**Information supplied:**
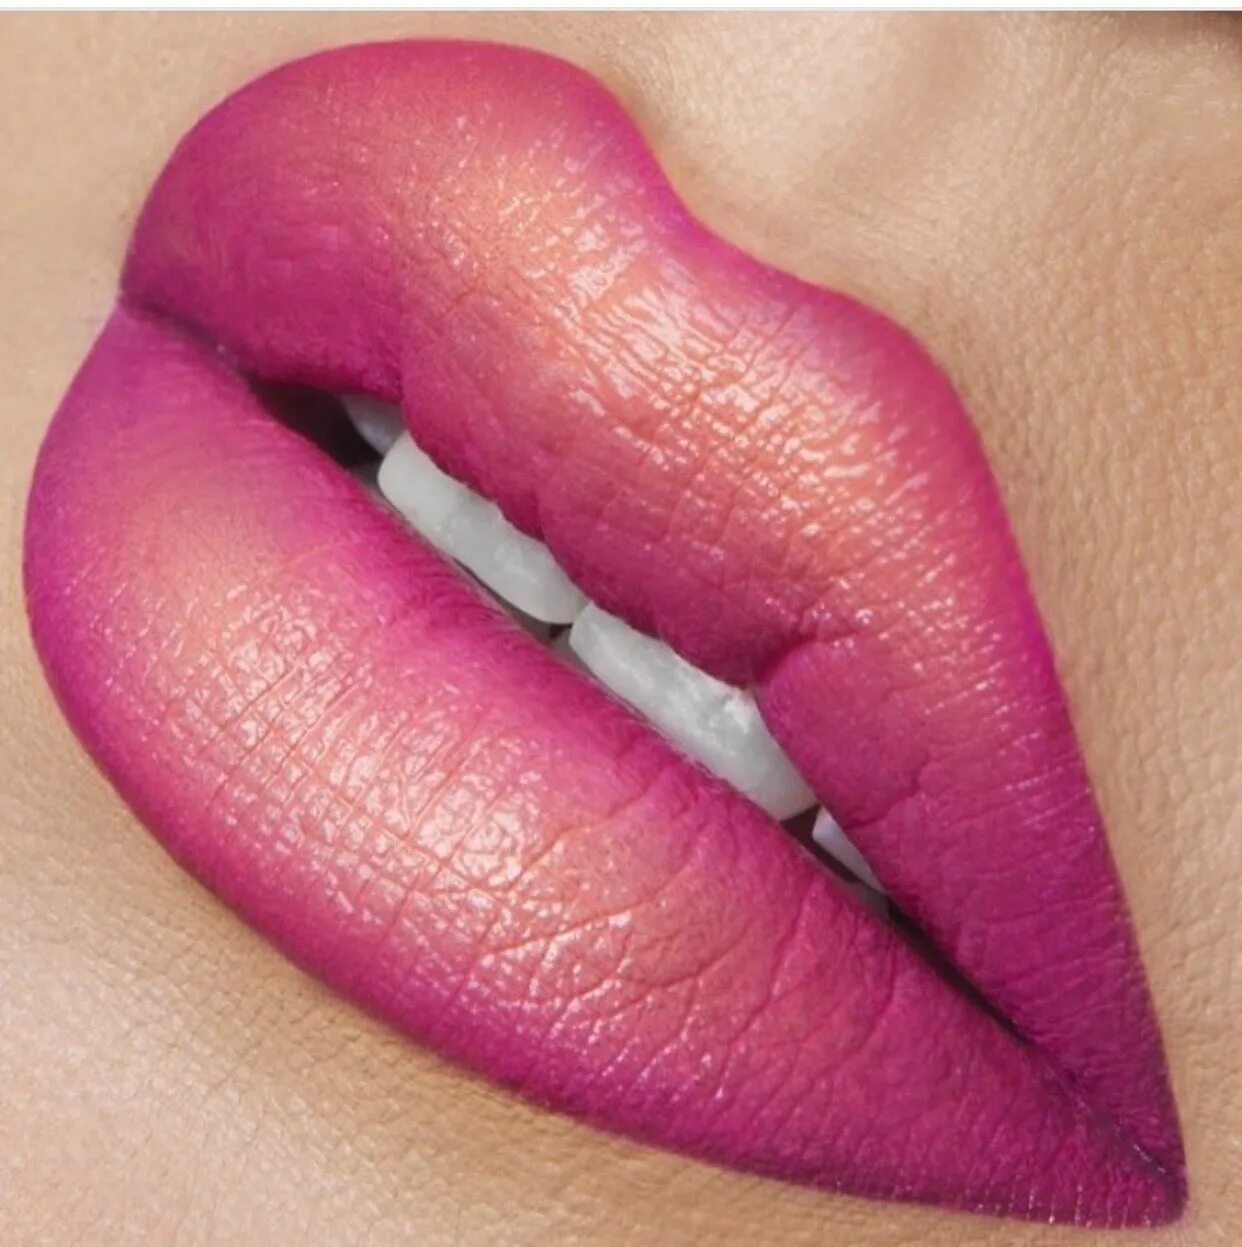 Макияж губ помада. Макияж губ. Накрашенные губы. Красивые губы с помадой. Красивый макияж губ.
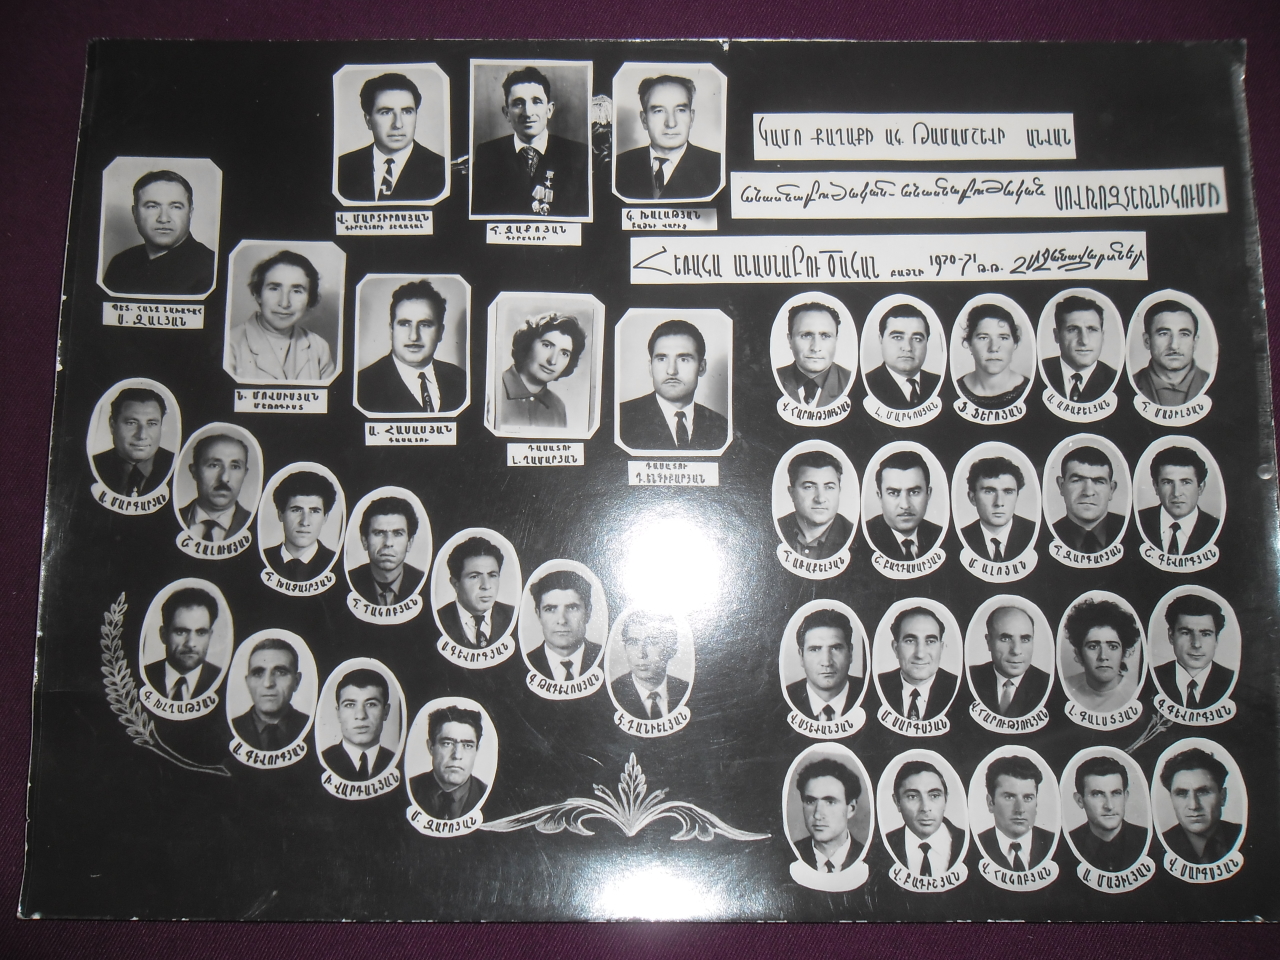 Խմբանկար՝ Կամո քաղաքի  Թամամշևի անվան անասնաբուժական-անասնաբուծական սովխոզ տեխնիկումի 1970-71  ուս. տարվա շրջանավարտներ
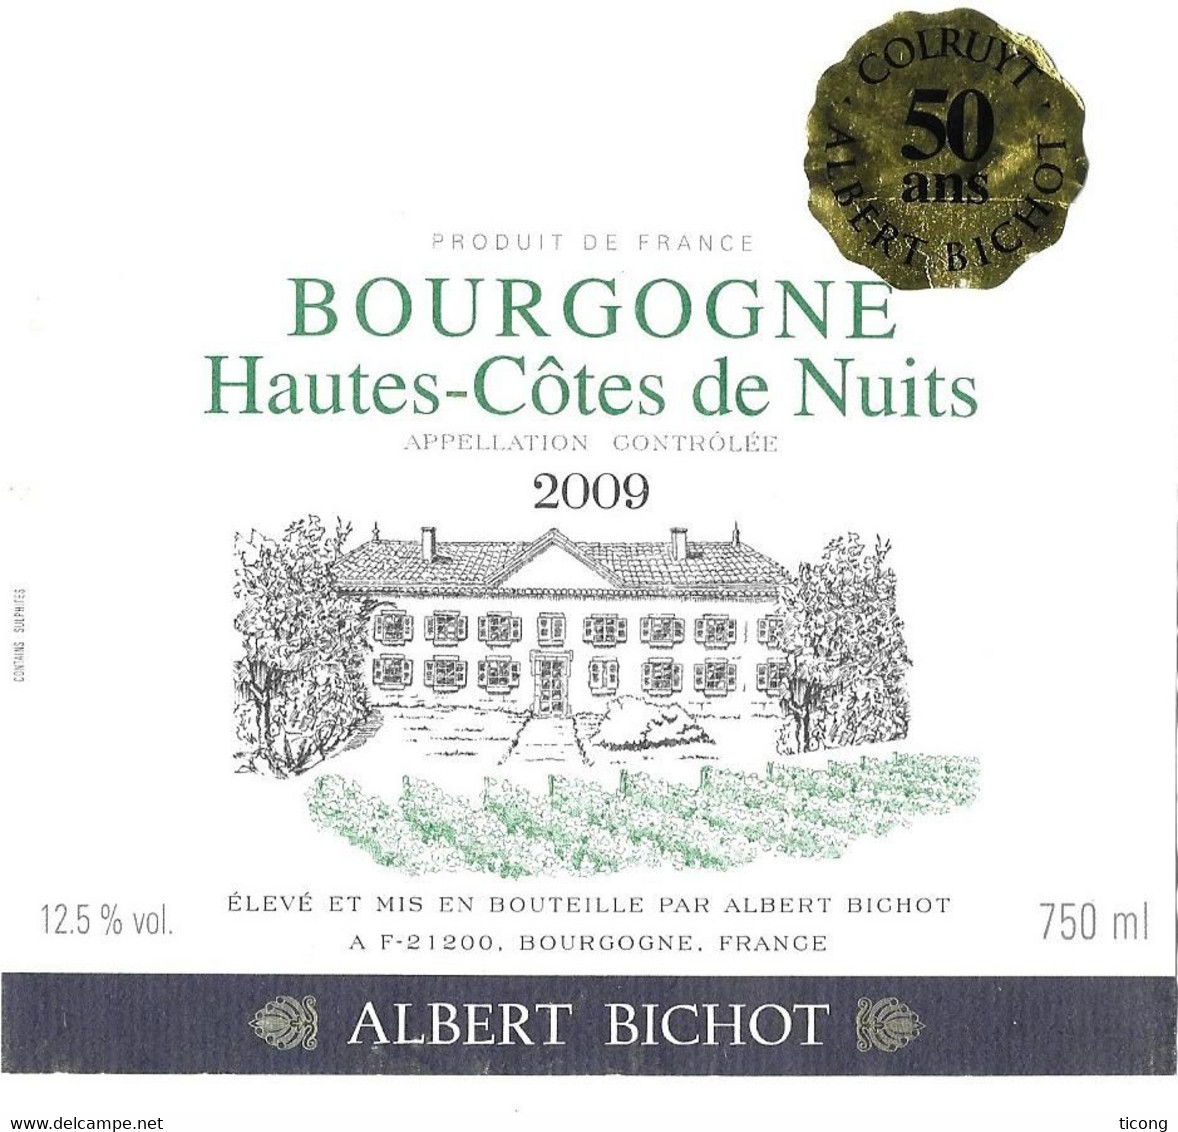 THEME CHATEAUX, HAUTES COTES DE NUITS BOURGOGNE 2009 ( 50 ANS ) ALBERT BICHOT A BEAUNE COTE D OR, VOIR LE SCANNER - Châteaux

**What is required:**
Set down the material above exactly. Skip any picture.

**Response to this exercise:**
 Макияж губ помада. Макияж губ. Накрашенные губы. Красивые губы с помадой. Красивый макияж губ.
 Խմբանկար՝ Կամո քաղաքի  Թամամշևի անվան անասնաբուժական-անասնաբուծական սովխոզ տեխնիկումի 1970-71  ուս. տարվա շրջանավարտներ
 THEME CHATEAUX, HAUTES COTES DE NUITS BOURGOGNE 2009 ( 50 ANS ) ALBERT BICHOT A BEAUNE COTE D OR, VOIR LE SCANNER - Châteaux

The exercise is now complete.